Please, from the entries below, transcribe exactly the lines that begin at the line with "Spring into Appreciation: Celebrating" and end at the line with "Vintage shot of", without the pictures.

* Provided records *
<<<<

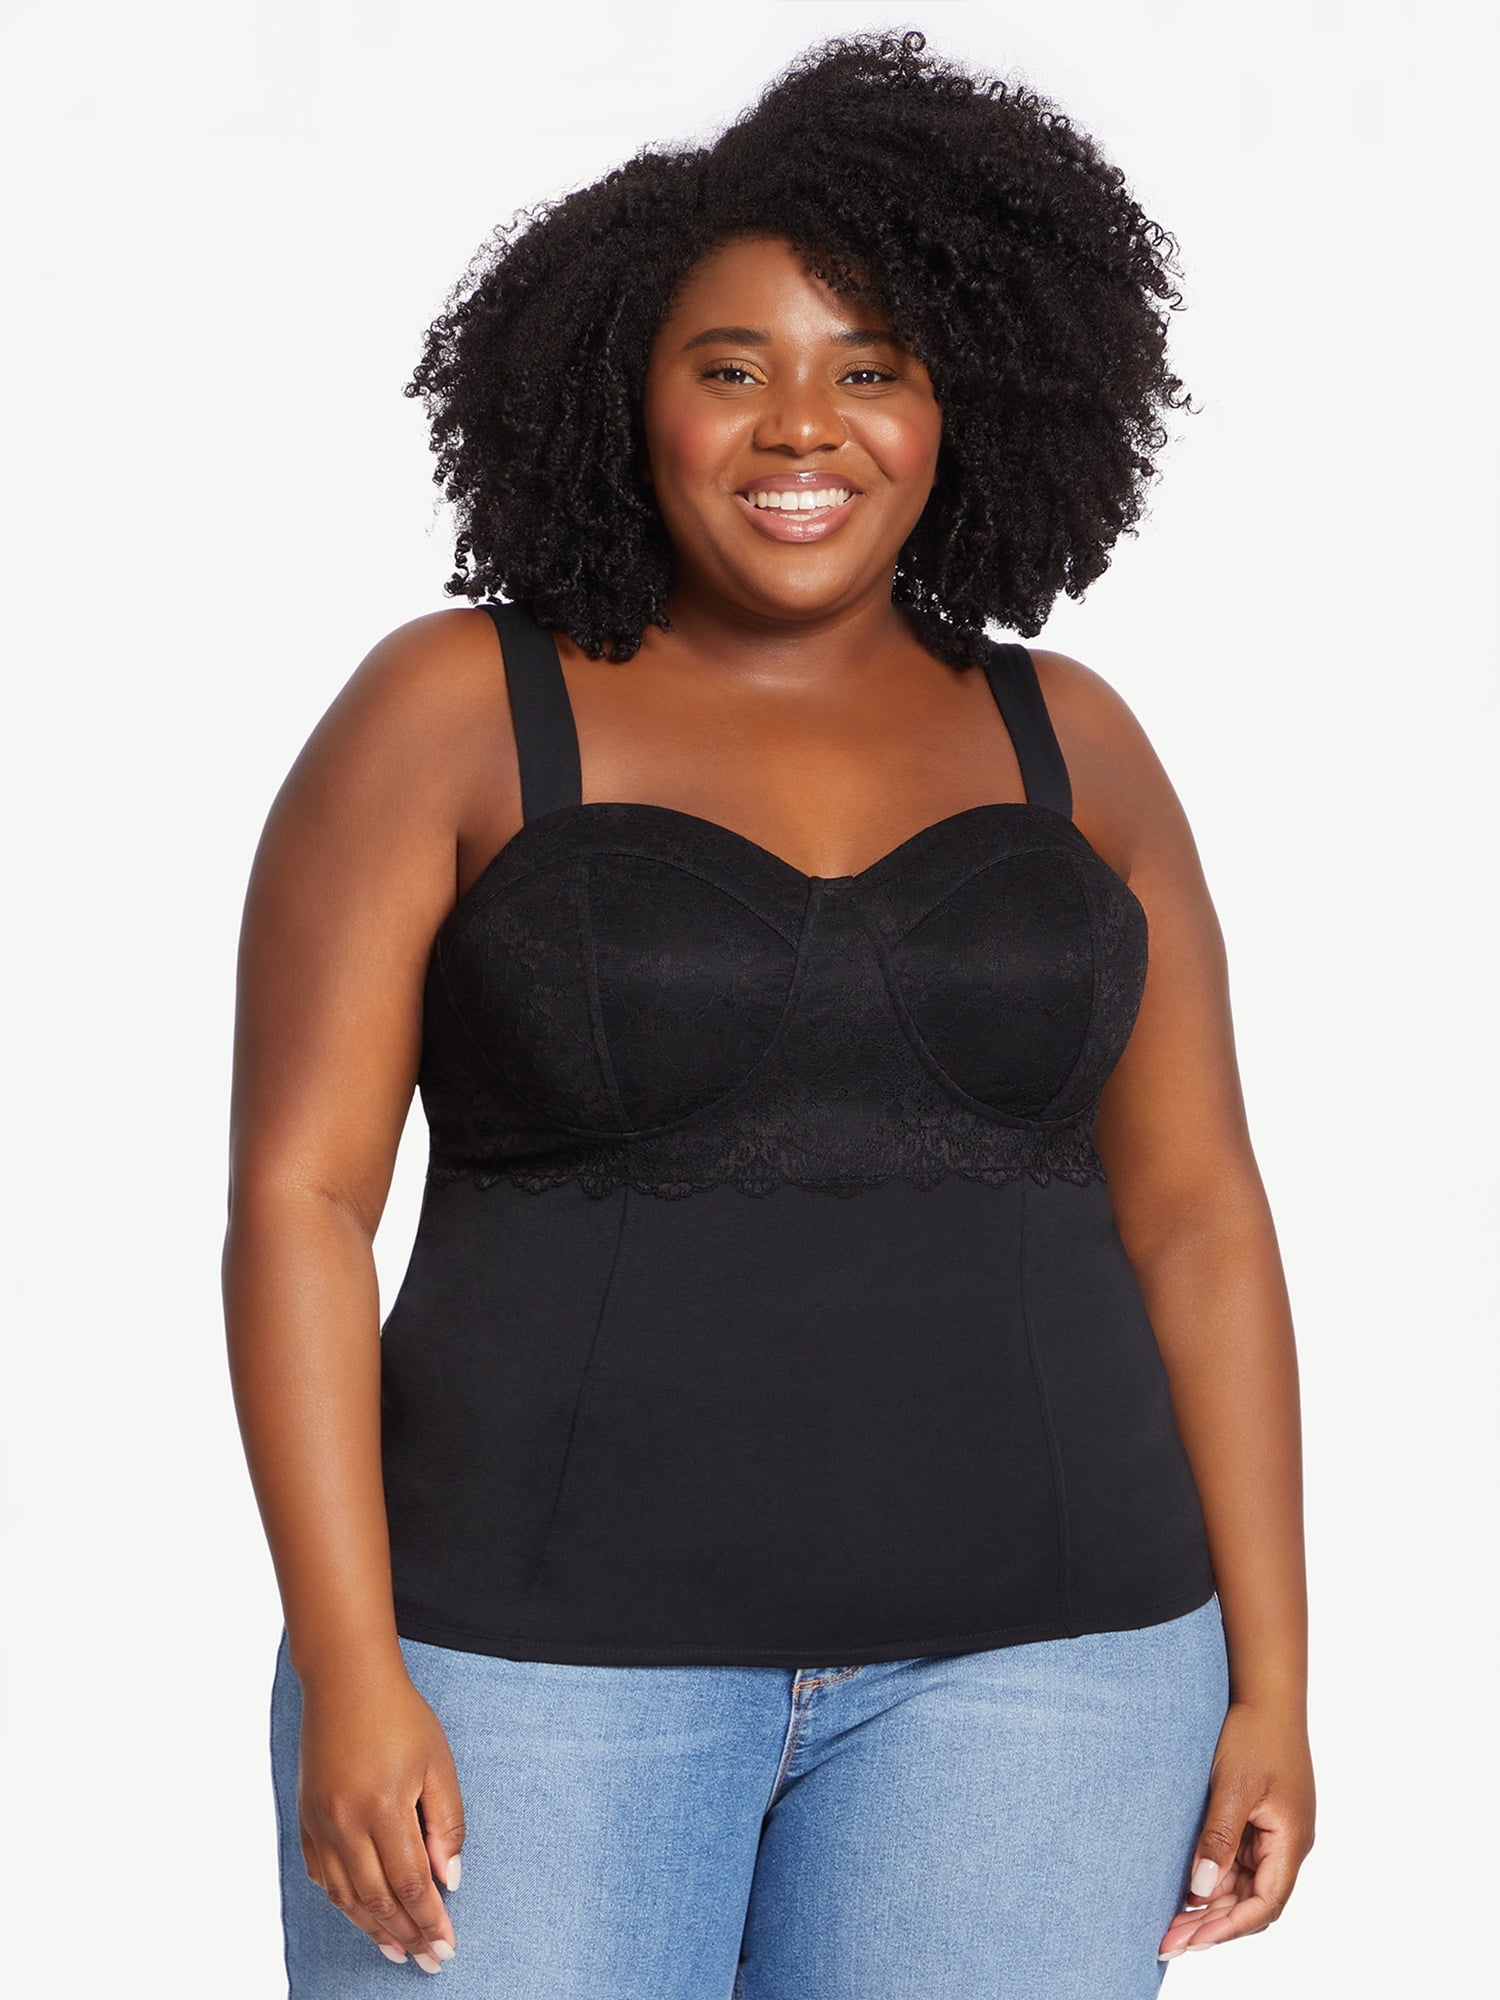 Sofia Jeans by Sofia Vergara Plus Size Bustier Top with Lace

>>>>
<<<<

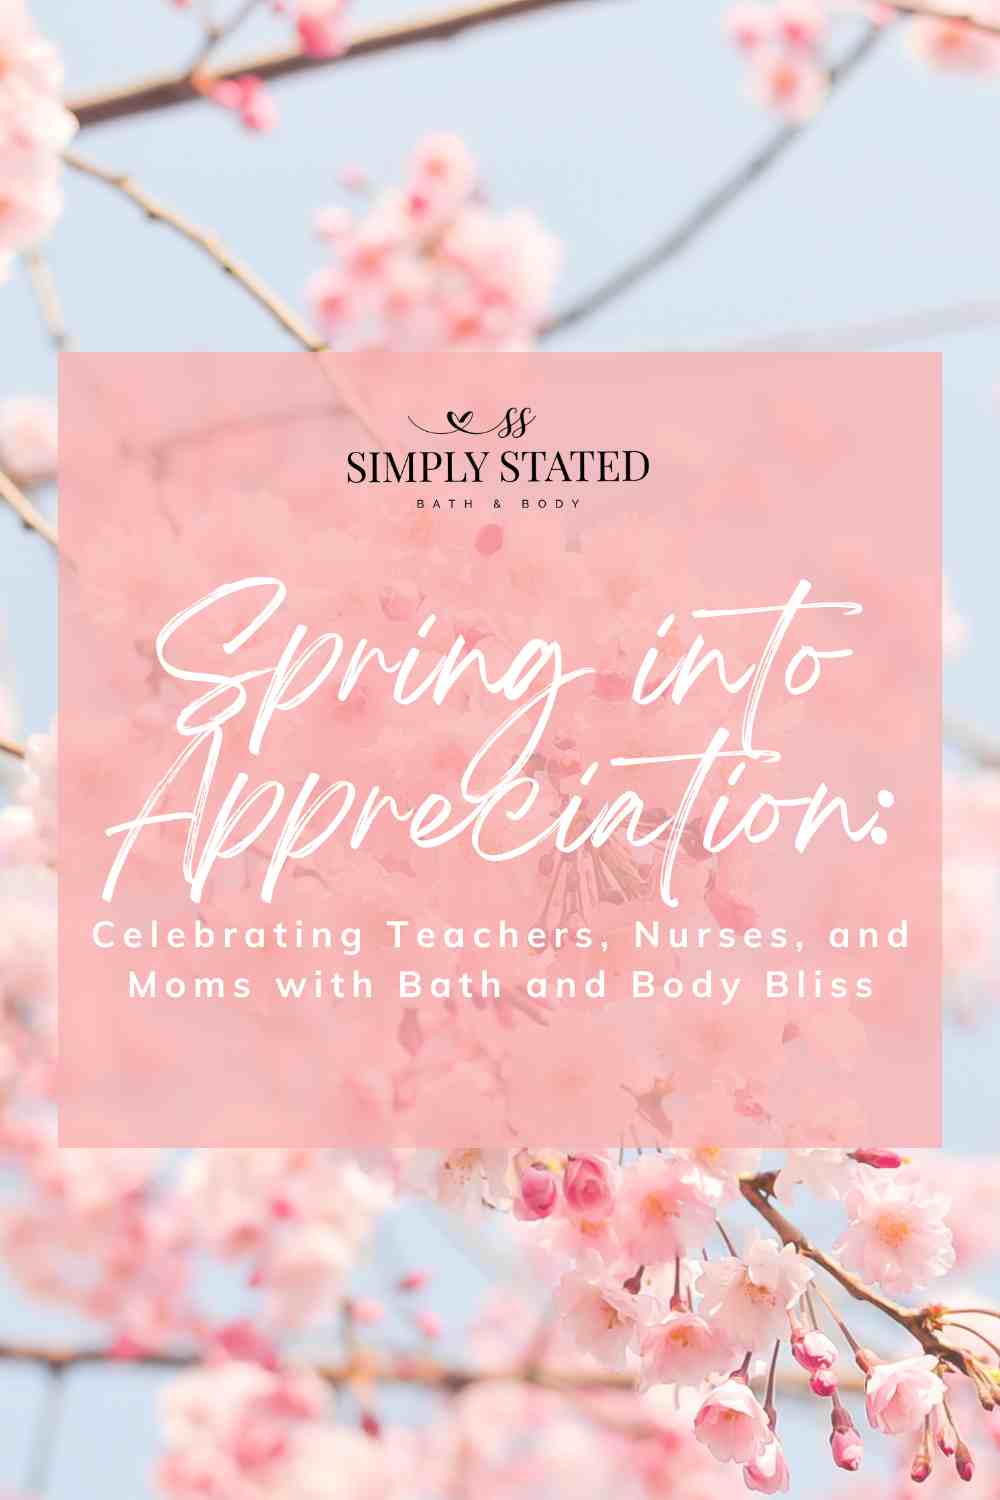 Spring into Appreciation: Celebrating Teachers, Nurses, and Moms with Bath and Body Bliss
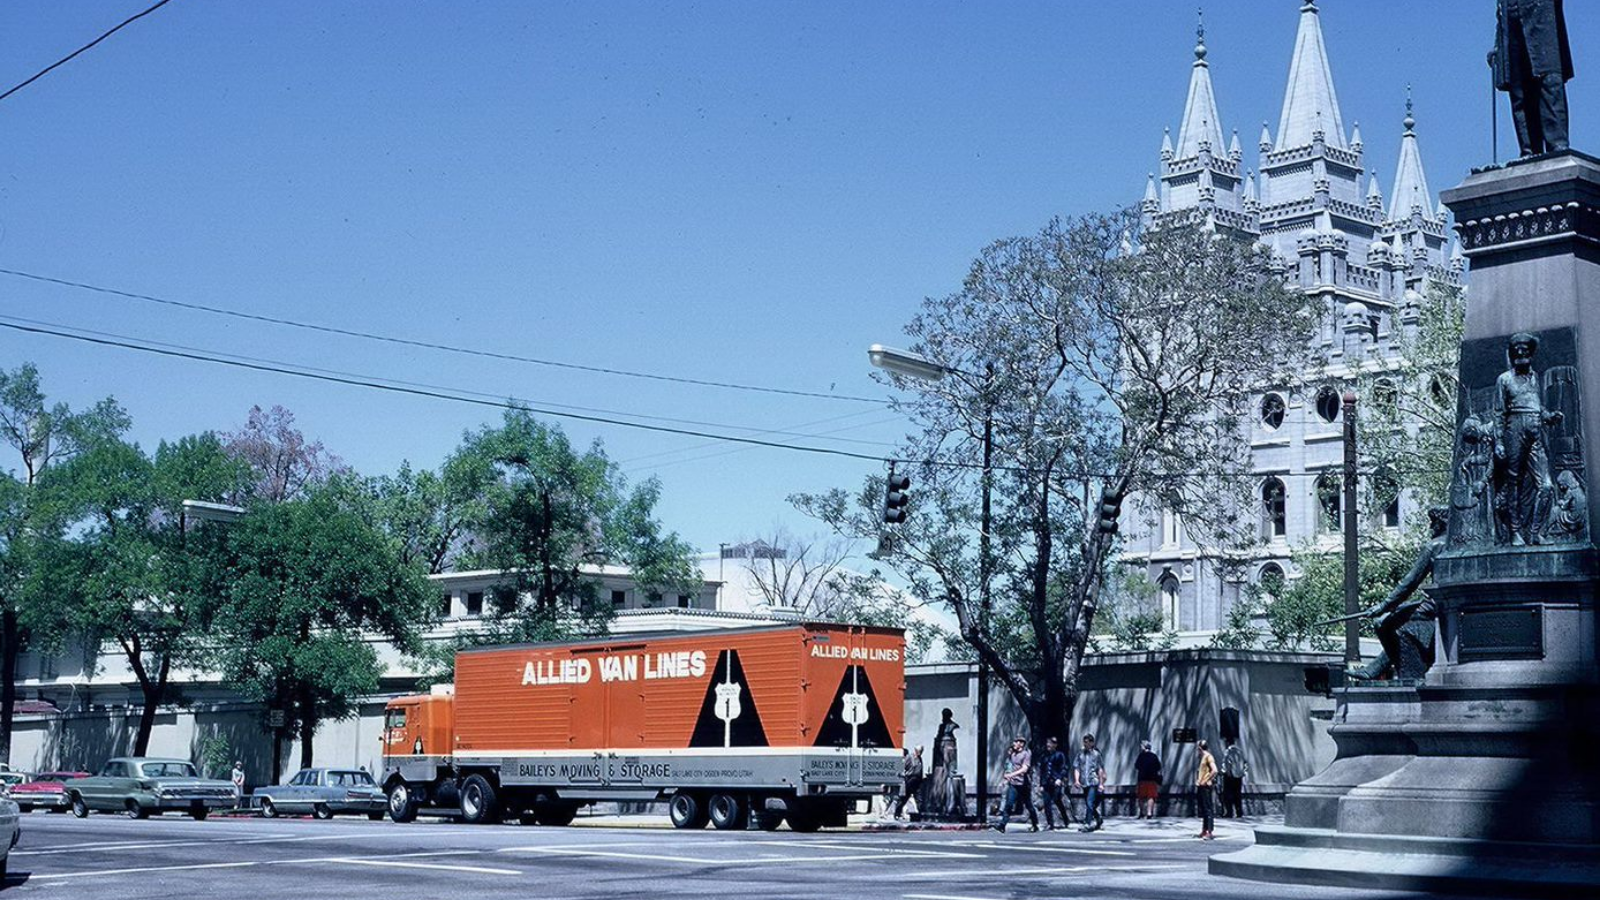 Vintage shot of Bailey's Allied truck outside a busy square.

>>>>
<<<<

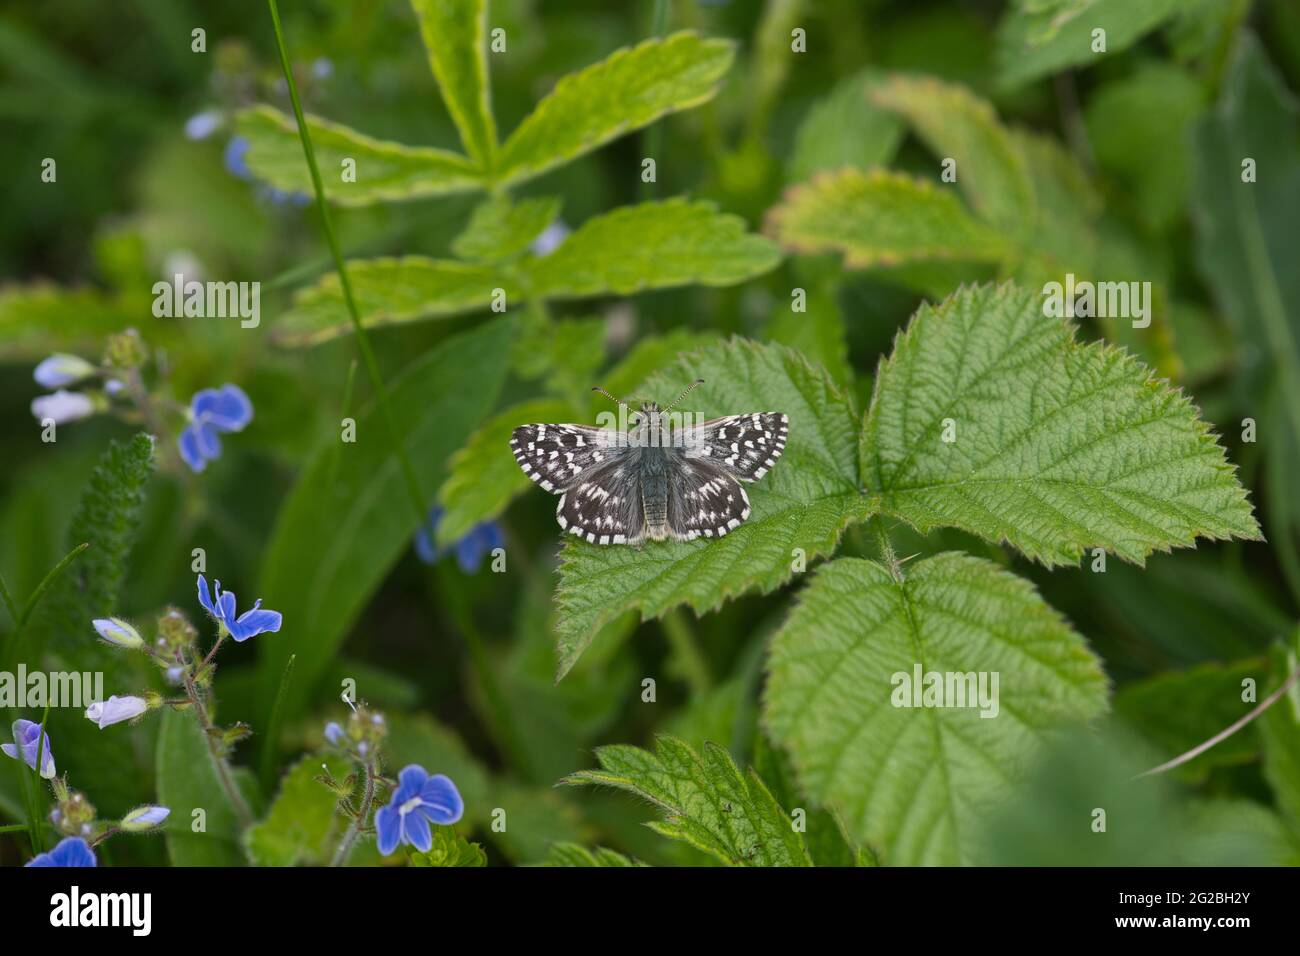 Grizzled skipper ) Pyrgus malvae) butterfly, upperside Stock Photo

>>>>

* Solution to this exercise *
 Spring into Appreciation: Celebrating Teachers, Nurses, and Moms with Bath and Body Bliss
 Vintage shot of Bailey's Allied truck outside a busy square.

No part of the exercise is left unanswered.